Молодые, как и было положено, занимали за столом центральное место – в простенке, под украшенным утиными перьями и дешевыми дутыми бусами старинным зеркалом. Выпив по первой рюмке огненной, настоянной на вишне водки, Федор и Даша продолжали теперь каждый раз чокаться со всеми гостями. Чокнувшись, но не пригубив своих рюмок, молодые деликатно отставляли их в сторонку и сидели, потупив взоры, строго и молча. В первые минуты пиршества, до тех пор пока еще хмель не развязал языков даже самым словоохотливым, но сию минуту надменно поджавшим губы свахам, пока полутрезвые гости увлечены были опробованием соблазнительных блюд, Федор и Даша чувствовали себя несколько стесненными, неловкими и даже как бы подавленными. А тут еще черт принес под самые окна целый букет разряженных в кашемир и шелка хуторских девок. Забравшись в немировский палисадник, девки бесцеремонно пялились в створные окошки, глазели на станичного жениха. Они без особого стеснения, довольно оживленно, хотя и вполголоса, обсуждали между собой все достоинства и недостатки Федора.

– Женишок-то, девоньки, как аршин проглотил,– не ворохнется!

– Ой, да и на обличье-то он – кыргыз кыргызом.

– На цыгана тоже смахиват…

– Ну нет. Русское, девки, обличье.

– Правильно, русское. Только нос подгулял маленько: на семерых рос, а одному достался…

– Зато чуб табашный – из кольца в колечко!

– Дура. Да это он его плойкой подвил…

– Не барахлите, ветрянки. Кудри природные.

– Батюшки-светы, да он при часах!

– А станишные кавалеры без карманных часов не ходят.

– Может, это не часы, а цепочка для красы.

– Милый мой, часы при вас? Расскажи, который час!

– А ну-ка, подвиньтесь. Встанут, язви их, как коровы, А другим чисто ничо не видать,– сказала басом, протискиваясь к окну, рослая и толстая девка.

– А ты тут кого не видала?!– окрысилась на нее шестнадцатилетняя модница с подкрашенными сурьмой бровями.

– Не на тебя же, бубнову кралю, пришла смотреть.

– Ну ладно. Не ломись, Физа. Ослепла – местов больше нет у окошка.

– Замри, Капа. Дай я на станишного казачка полюбуюсь,– сказала примиряющим басом толстая девка.

– На чужих-то женихов нечего зенки пялить. Своего пора бы тебе, Физа, заиметь годов тому назад с десяток,– не унималась модница с подрисованными бровями.

– А у меня был свой, да весь вышел.
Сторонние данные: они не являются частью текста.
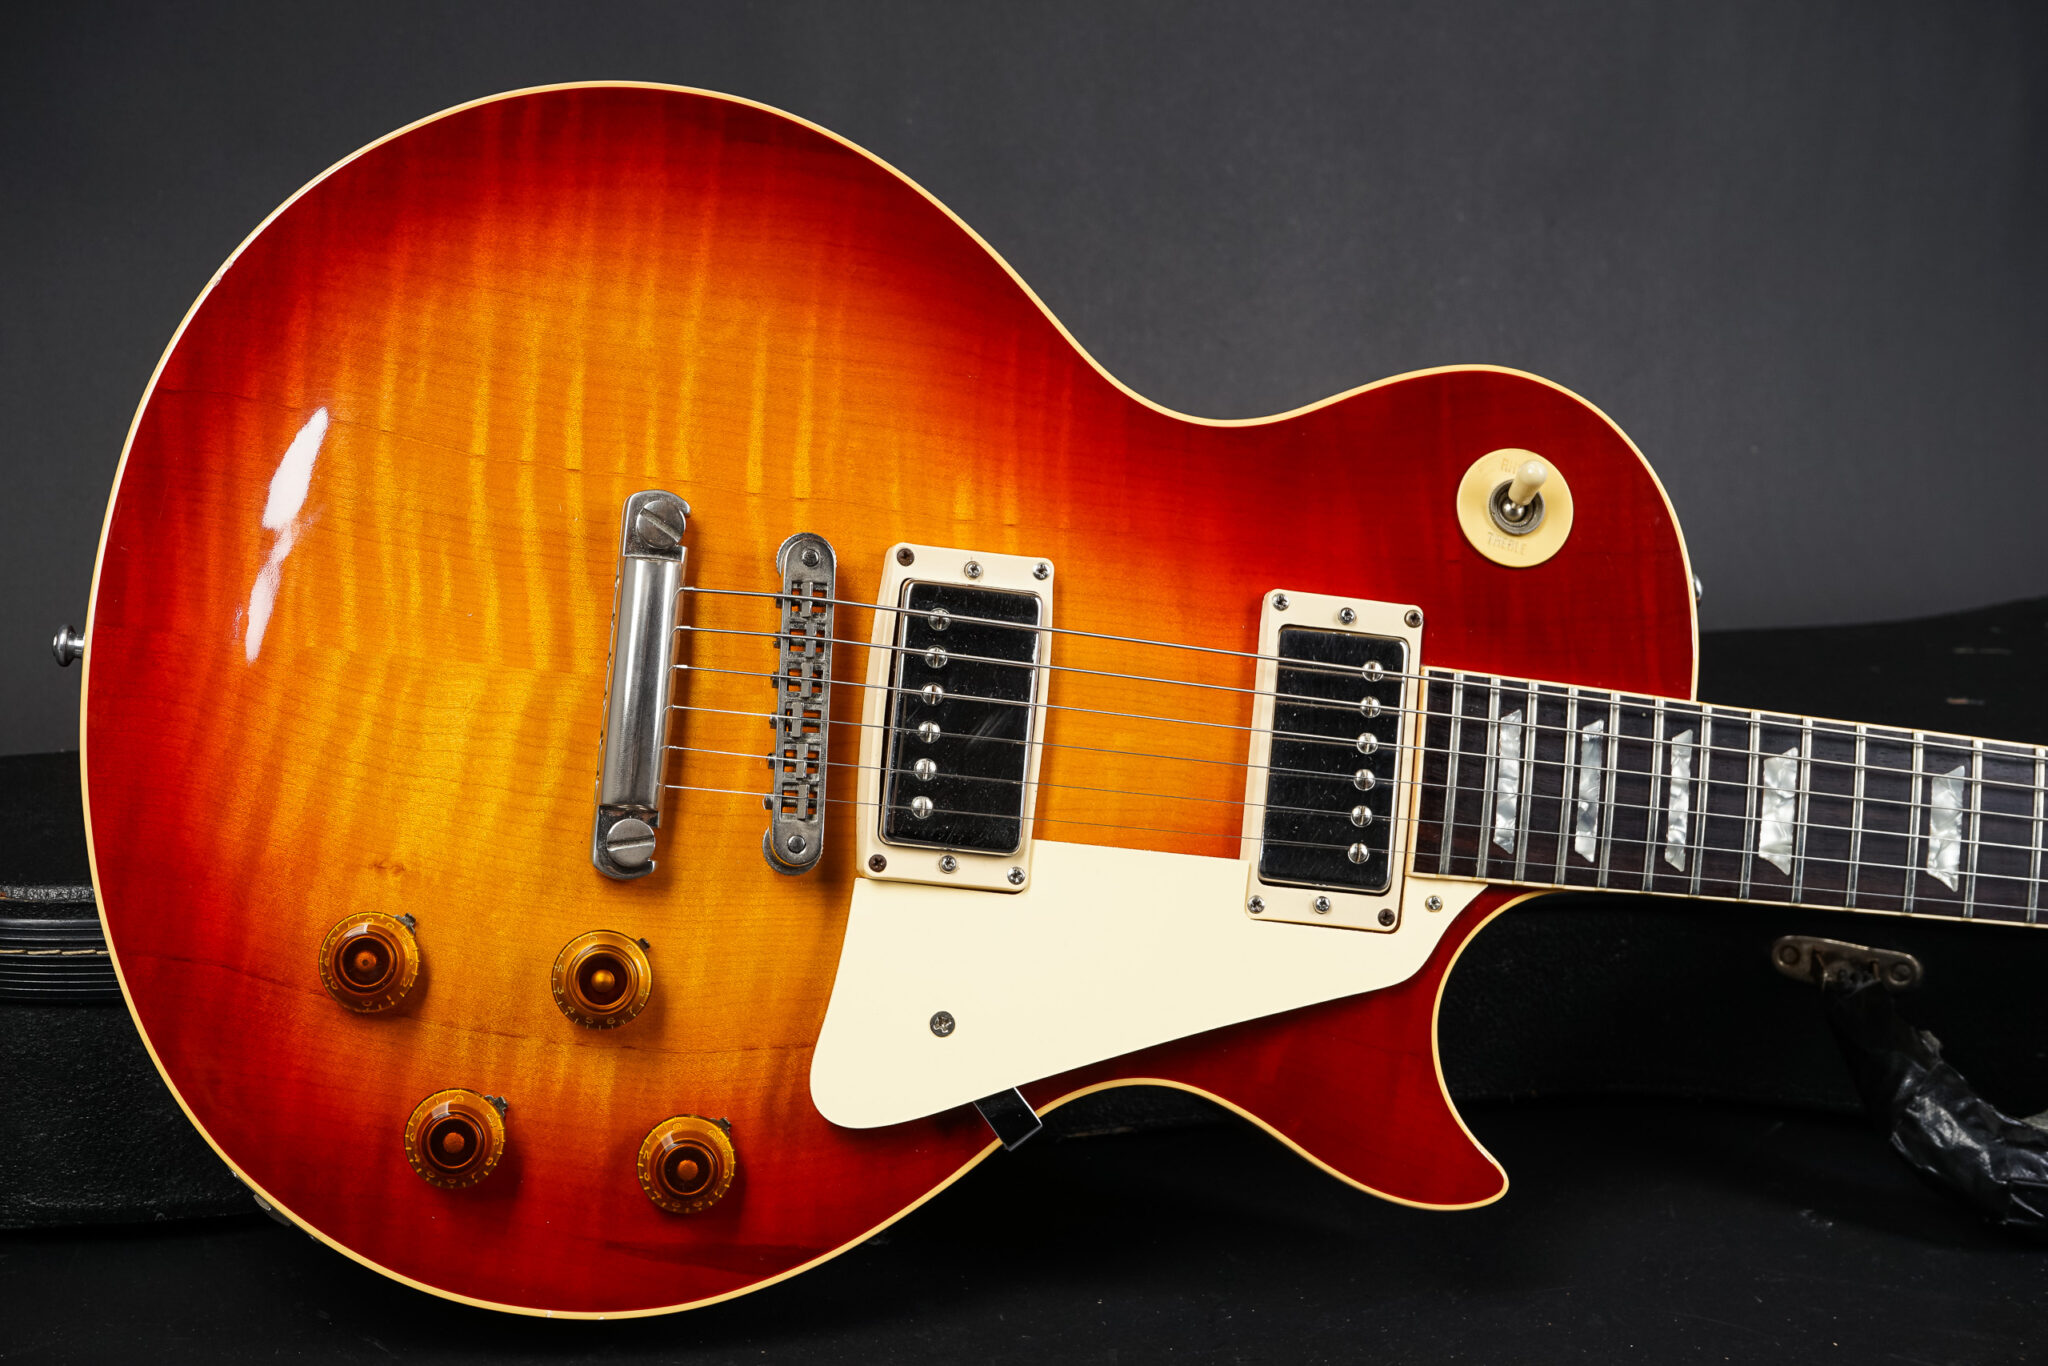 https://guitarpoint.de/app/uploads/products/1980-gibson-les-paul-heritage-80-sunburst-flametop/1980-Gibson-Les-Paul-Heritage-80-Sunburst-087-9-2048x1366.jpg

А нового для меня завели, да што-то долго, подлец, киснет…– басила, отшучиваясь и упорно пробиваясь к окошку, толстая девка.

Федор сначала злился на зубоскаливших за его спиной девок. Отлично слыша их издевательские насмешки и зная, что все это слышит и Даша, он сатанел с каждой минутой и сидел теперь как на иголках. Наконец, улучив удобный момент, он высунулся в створки и прицыкнул на чертовых просмешниц, пустив даже сквозь зубы по матушке. Но это нисколько не смутило линейных красавиц, а наоборот, только подзадорило их. И они, снова валом прихлынув к окошкам, принялись донимать разгневанного жениха такими на этот раз прибасками, от которых даже у Федора глухо горели темные щеки и ныло где-то в коренном зубу, как это случалось с ним только в минуту великого ожесточения…

В самый разгар пира в горницу ввалился знаменитый не только в станице, но и на всей Горькой линии гармонист Трошка Ханаев в сопровождении Дениса Поединка. Как правило, Трошка никогда не ходил по пирам и беседам без своего закадычного друга. Федор, завидев в дверях приятелей, просветлел, забыв о зубоскаливших под окошком девках.

В пояс откланявшись молодым и поздравив родителей жениха и невесты «с начатым делом», Трошка с Денисом выпили по стакану поднесенной им на подносе водки. И Трошка, не закусывая и не морщась при этом, рывком развернул на ходу канареечные мехи гармони. Затем, важно опустившись на услужливо подсунутую чьими-то руками табуретку, он прогулялся всеми пальцами сверху вниз по басам и потревожил слегка лады для пробы.

На мгновенье в горнице стало тихо. Одна из свах – это была двоюродная сестра жениха, бойкая, востроглазая бабенка Павочка Ситникова,– открыв набитый капустой рот, с изумлением посмотрела на гармониста. Подмигнув разомлевшей от жары и хмеля бойкой бабенке, Трошка крякнул и, сбочив голову, уронил ее, как отрубленную, на лакированный корпус гармони.

Рявкнули басы. И вдруг такая пулеметная очередь дьявольских вариаций вырвалась из-под промелькнувших над клавишами Трошкиных пальцев, что свах, словно вихрем, сорвало с места.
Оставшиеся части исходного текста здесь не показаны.